Why I Was Terrified of Putting Oil on Oily Skin

Every skincare guide I'd ever read said the same thing. Oily skin? Gel moisturizer. Water-based products. Avoid anything heavy. Oil-free everything. I followed that advice religiously for about four years, and my skin was... fine. Not great. Just permanently shiny with random dry patches that no gel cream could fix.

The dry patches confused me. How could my face be both oily and dry? I'd blot my forehead and get a tissue soaked in shine, then touch my cheek and feel actual flaking. My dermatologist at the time said it was "dehydrated oily skin" — a condition where the skin overproduces sebum because the barrier is damaged and moisture is escaping too fast. The oil wasn't the problem. The oil was a symptom.

That diagnosis sat in the back of my head for months. If my skin was making too much oil because it was dehydrated, then stripping oil away with mattifying products was making the root cause worse. I was treating the smoke and ignoring the fire. But the jump from understanding this intellectually to actually putting oil on my oily face took a while. It felt counterintuitive on a visceral level.

The Science That Changed My Mind — Sebum Isn't the Enemy

Here's what finally convinced me. Human sebum is roughly 57% triglycerides and fatty acids, 26% wax esters, and 12% squalene. It's not waste. It's your skin's self-made moisturizer.
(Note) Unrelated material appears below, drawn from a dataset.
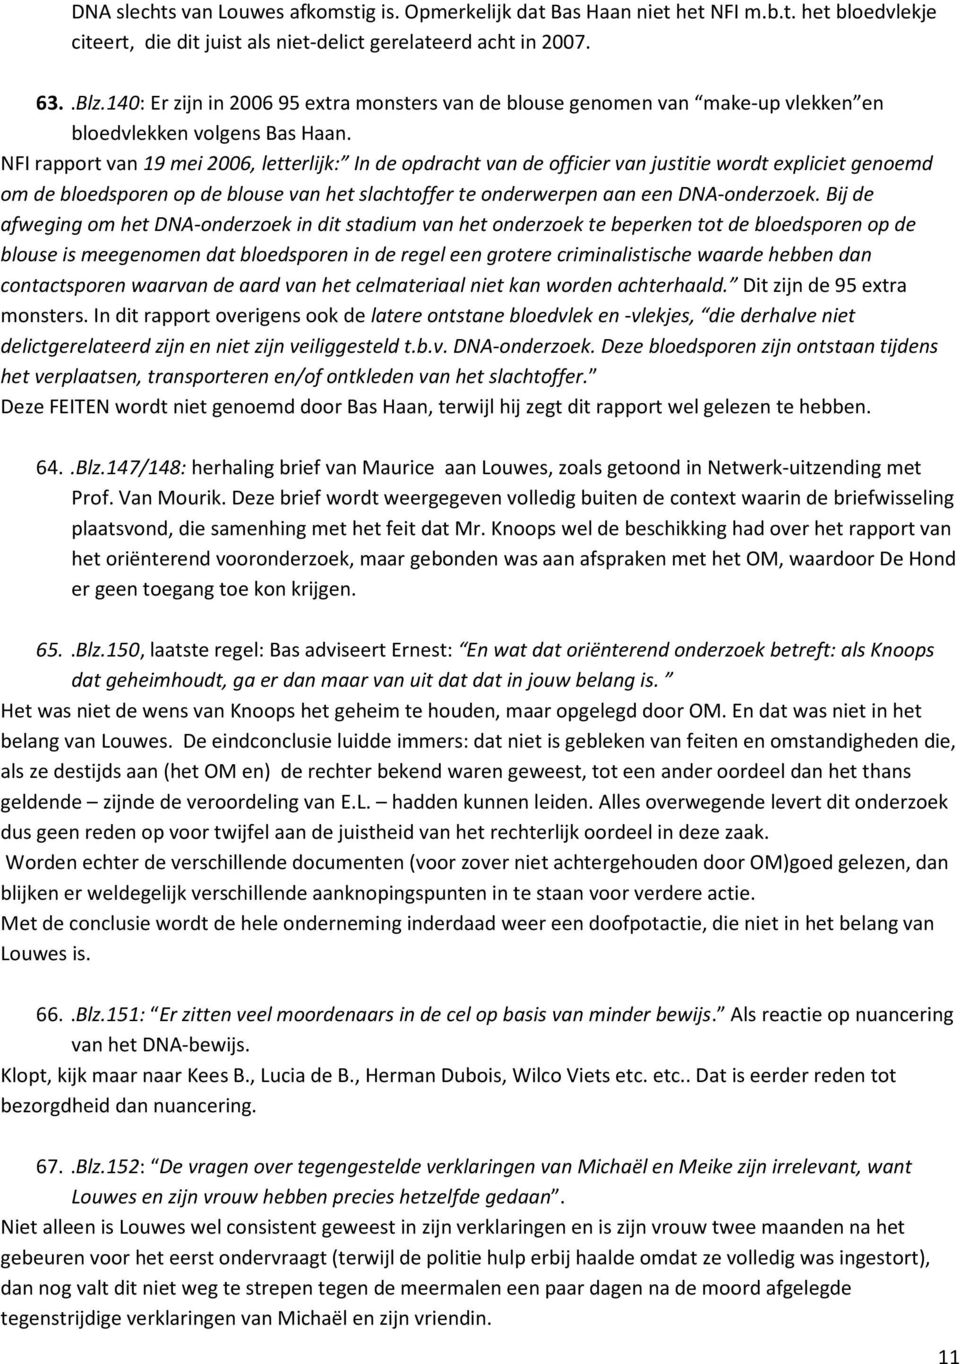 NFI rapport van 19 mei 2006, letterlijk: In de opdracht van de officier van justitie wordt expliciet genoemd om de bloedsporen op de blouse van het slachtoffer te onderwerpen aan een DNA-onderzoek.
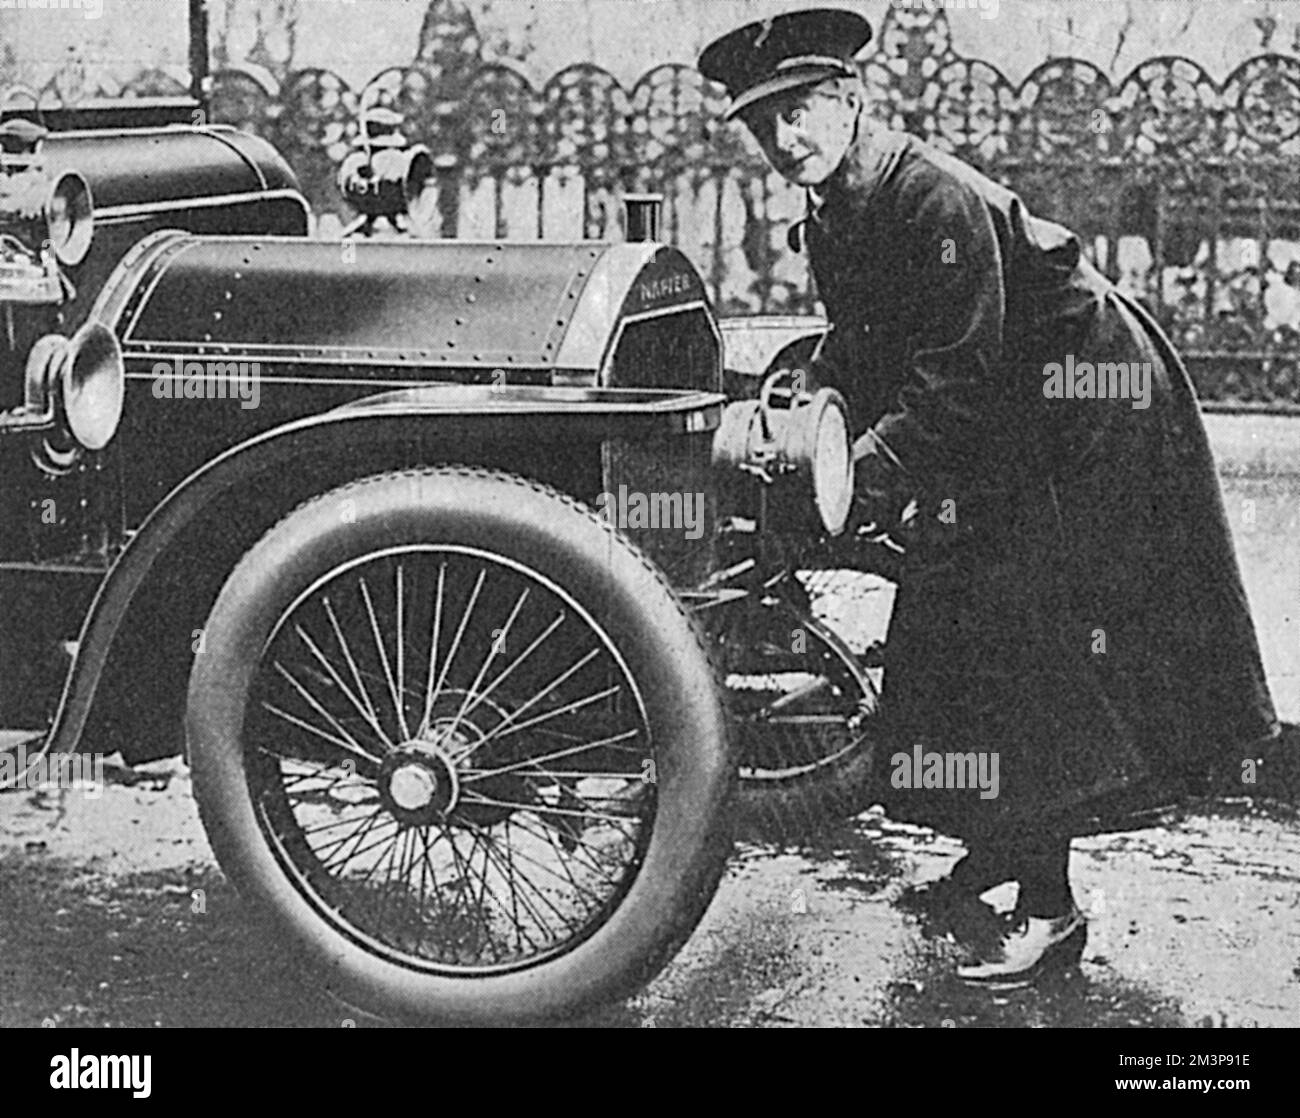 La voiture Napier du très honorable David Lloyd George étant lancée par sa femme chauffeur qui, selon le Tatler, la gère de manière très habile. Date: 1916 Banque D'Images

When you strip it away constantly — with foaming cleansers, mattifying toners, oil-free everything — your sebaceous glands interpret the dryness as a signal to produce more. You get oilier. It's a feedback loop.

Plant-based face oils can interrupt that loop. Jojoba oil, for example, has a molecular structure so similar to human sebum that the skin essentially treats it as its own. A study published in the International Journal of Cosmetic Science found that jojoba esters reduced transepidermal water loss (TEWL) by up to 22% without increasing comedone formation. The skin gets the moisture signal it needs and dials down its own production.

πŸ“Š Comedogenic Ratings of Common Face Oils

The comedogenic scale runs from 0 (won't clog pores) to 5 (highly likely to clog). Squalane and jojoba both score 0–1. Rosehip sits at 1. Compare that to coconut oil at 4 and wheat germ oil at 5. "Non-comedogenic" on a label means nothing without knowing the specific oil inside — dermatologist Dr. Shahbaz, in Byrdie's 2025 review, emphasized that plant-based oils like jojoba and grapeseed actually help regulate sebum rather than adding to it.

Squalane deserves its own mention. It's derived from olives or sugarcane and mimics the squalene naturally present in your skin. It absorbs in seconds, leaves zero greasy residue, and has anti-inflammatory properties. For oily skin specifically, squalane is almost too perfect — lightweight, non-comedogenic, and it strengthens the barrier without adding visible shine. I didn't believe this until I tried it, but I'll get to that.

Jojoba, Squalane, Rosehip — I Tried All Three on My T-Zone

I set up a simple rotation. Two weeks per oil, same routine otherwise: low-pH gel cleanser, hydrating toner, the oil being tested, then a lightweight gel cream to seal. Morning and evening. Photos every three days under the same bathroom light.

Jojoba (weeks 1–2): This one felt like nothing. Literally nothing. Two drops warmed between my palms, pressed onto damp skin after toner. It absorbed in maybe fifteen seconds and left no film, no shine, no scent. By day four, I noticed something subtle — my midday blotting paper was less saturated than usual. Not dramatically, but enough that I checked twice. By day ten, the dry patches on my cheeks were gone. Not reduced. Gone.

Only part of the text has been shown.